Tag Archive: Threat Hunting

Quick tip – Country Codes

All countries has an ISO code, described in ISO 3166 is an international standard.
These codes are used throughout the IT industry by computer systems and software to make it easier to identify a country.

It has multiple formats and they country codes are presented in the following formats: Alpha-2 (2 characters), Alpha-3 (3 characters) and Numeric (3 digits).

In the data from some logs like SigninLogs and IdentityLogonEvents the country is presented as Alpha-2. We realized pretty quick is that some 2-characters country codes are difficult to remember. As in below, picture it could be difficult to know all these countries.

We have been using this for a long time and thought it might be something others can use as well.

So to solve this I created a csv file and placed on github:

https://raw.githubusercontent.com/mattiasborg82/Hunting/main/General/cc.txt

To be able to join our data with this file we can use the external data operator in Kusto

Since it’s a CSV file, we can make it more usable by split the rows on comma

To to build the full use-case for this, we join it with our SigninLogs (or other logs that uses the country code)

Copy friendly code

let CountryCodes = externaldata (CountryCode:string)
[
 @"https://raw.githubusercontent.com/mattiasborg82/Hunting/main/General/cc.txt"
]
with(ignoreFirstRecord=true);
SigninLogs
| where isnotempty(Location)
| join kind=leftouter (
    CountryCodes
    | extend Country = tostring(split(CountryCode, ",")[0]),
              Location = tostring(split(CountryCode, ",")[1])
    | project-away CountryCode)
on Location
| summarize count() by Country,UserDisplayName

This can be used further to combine with conditional access blocks showing potential credential leak

Happy Hunting!

Threat Hunting and the New Hunts in Sentinel

Establishing a Proactive Hunting program is something which is useful and necessary today.

From working with proactive threat hunting for a long time, from when data was not available at your fingertips, things has become a lot easier in the era of SIEM and over the last years, EDR and XDR.

The technical part is the easy one. The process of establishing your hunting and connect it with existing processes is usually what’s difficult.

What is proactive Hunting?

First, what is threat hunting?

To dive in to this topic I want to point out activities that are somewhat related

The custom detections or scheduled rules is pretty clear what it is. but Tasks is something which sits in between Proactive Threat Hunting and Custom Detections.
Tasks are things discovered in Hunting, and data of interest but cannot be set as a custom detection as of yet.

The reasons could be many, but for example to noisy data and no good correlation values or near-time events that can be used to reduce False-Positives. Even though we have finalized our hypothesis from threat hunting we might want to follow-up on the events, maybe on a daily basis, but we cant have it scheduled since it will give an incident fatigue.

To summarize tasks, it’s queries that might make it to a detection but for now we run it automatically or manual and do manual review on the result on a daily schedule.

To iterate back to threat hunting before we take a look at the hunts feature in Sentinel

Threat Hunting can be divided into 2 main pillars; Proactive and Reactive hunting

Proactive Threat Hunting is when you don’t know something is going on, like playing hide-n-seek, except for that you don’t know anyone is playing with you

Reactive Threat Hunting is post breach/post incident and you use threat hunting to find the outer boundaries of the incident, which could be other devices communicating with a specific IP, list all process communicating, find the same processes on other devices, and then which IP’s they are communicating with.

In the EDR era or now, the XDR era, threat hunting becomes easier on a technical level.
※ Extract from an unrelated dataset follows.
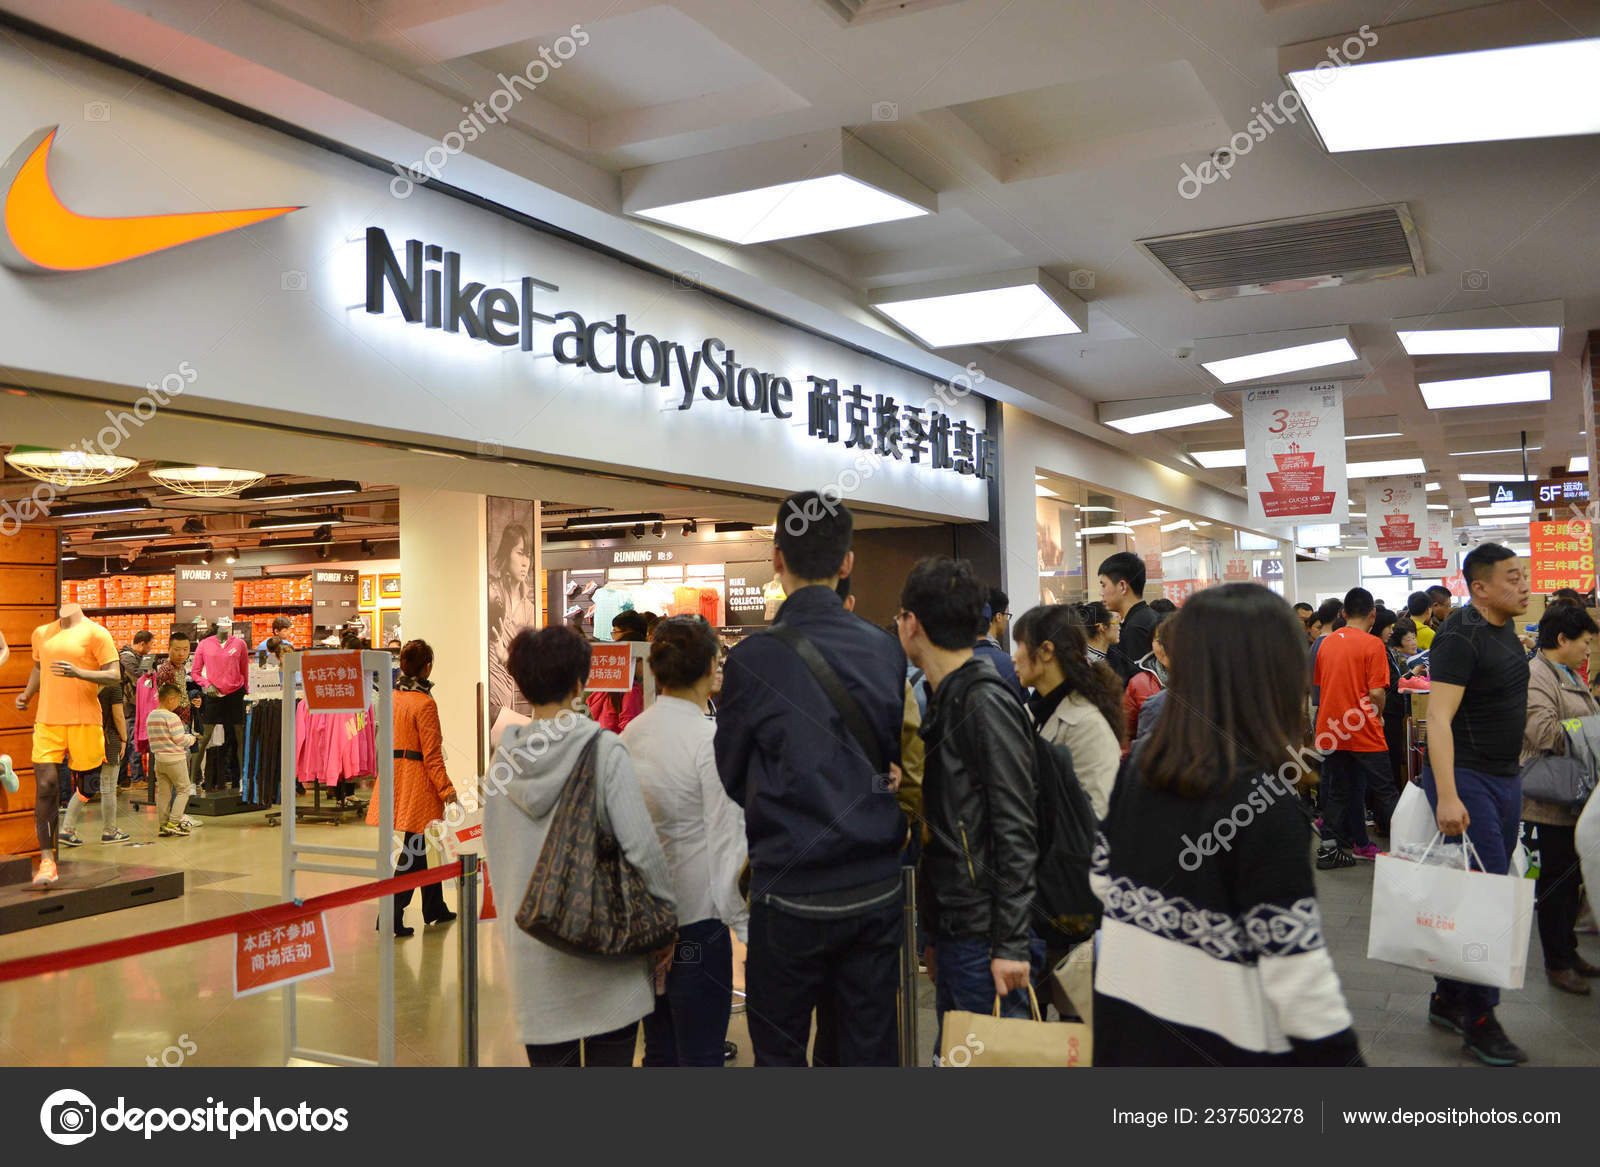 Fuera de borda Certificado algodón Clientes Chinos Hacen Cola Frente Una Tienda Nike Factory Store — Foto  editorial de stock © ChinaImages #237503278

The data collection happens automatically for many workloads and not only collected, it’s streamed.

With the power of Kusto Query Language, you can do advanced aggregations, anomaly calculations and visualizations to truly crunch and bend your data.

In Proactive Threat hunting, you will start your assignment by defining your Hypothesis, which could be something like “I would like to see if any local users have been added outside the process”

Then you check what ever data you need to discover such activities (DeviceEvents/DeviceProcessEvents hint hint) and you continue to develop the query for is and document your result.

Here is what makes Hunts feature so great. It actually allows for process integration, like we have in Microsoft 365 Defender where we can create incidents based on the results and have it handled by the incident process.

Hunts in Sentinel

Common use cases:

  • Proactively hunt based on specific MITRE techniques, potentially malicious activity, recent threats, or your own custom hypothesis.
  • Use security-researcher-generated hunting queries or custom hunting queries to investigate malicious behavior.
  • Conduct your hunts using multiple persisted-query tabs that enable you to keep context over time.
  • Collect evidence, investigate UEBA sources, and annotate your findings using hunt specific bookmarks.
  • Collaborate and document your findings with comments.
  • Act on results by creating new analytic rules, new incidents, new threat indicators, and running playbooks.
  • Keep track of your new, active, and closed hunts in one place.
  • View metrics based on validated hypotheses and tangible results.

In Sentinel go to Hunting and Hunts

Here is the list of previous hunts.

If you select New Hunt we can create a new

You can add the Hypothesis and choose if it’s Validated or not (which can be set later in the process by another Threat hunter)

When we have our new Hunting campaign, we can add queries

Adding Tactics and techniques and map entities

It’s possible to create incidents from the results to map to the incident process, and we can also start automated playbooks (entity-based) from the entity pane.

Summary

There are so many details on this feature and it has some many capabilities. The best part is that it has the process of hunting as its core. Now it’s easier to deliver threat hunting, as a service, as a consultant or if you work internally for an organization.

Happy Hunting

Take actions from Threat Hunting in M365 Defender

We wrote a blog post earlier about the news in threat hunting

New features in Advanced Hunting – Microsoft 365 Defender – SEC-LABS R&D

Another feature in hunting, which will speed up responses from a threat hunting scenario is Take Action

When selecting a record in the result, the Take Action button will be visible as seen in below picture

take actions, m365 defender

So instead of just creating a new incident or adding events to an existing incident we can take actions from the hunting experience.

In the Take actions experience we have actions grouped by Devices, Files and Users.

actionable items, m365 defender

The action options available is dependent on the data in the result. For instance, file information like checksum is required to being able to quarantine a file.

When clicking Next we can see the target selected and click Next

We can add a Remediation name and Description for our action

This feature enables a rapid response at the fingertips of the threat hunters for immediate actions

For further information, please visit

https://docs.microsoft.com/en-us/microsoft-365/security/defender/advanced-hunting-take-action?view=o365-worldwide

Happy Hunting!

Sec-Labs Team

Becoming a Sentinel Notebooks Ninja – training links

Do you want to learn more about Sentinel Notebooks (built on Jupyter Notebooks)? Microsoft have released a set of trainings to skill up in the area

Notebooks can be useful for cross tenant hunting and also cross product and multiple data sources if needed.

They can also be interactive in terms of a manual playbook with steps mixed with queries and graphs which would make it easy to follow through.

Sorry for the short blog post, but this one is about sharing content

Happy Hunting!

Use kusto to breakdown time stamps

Some times you might want to split the time stamp of an event into smaller pieces, like month, day, hour etc.

For instance, you might want to see if you have more alerts during some specific hours of the day or if anyone is using RDP in the middle of the night.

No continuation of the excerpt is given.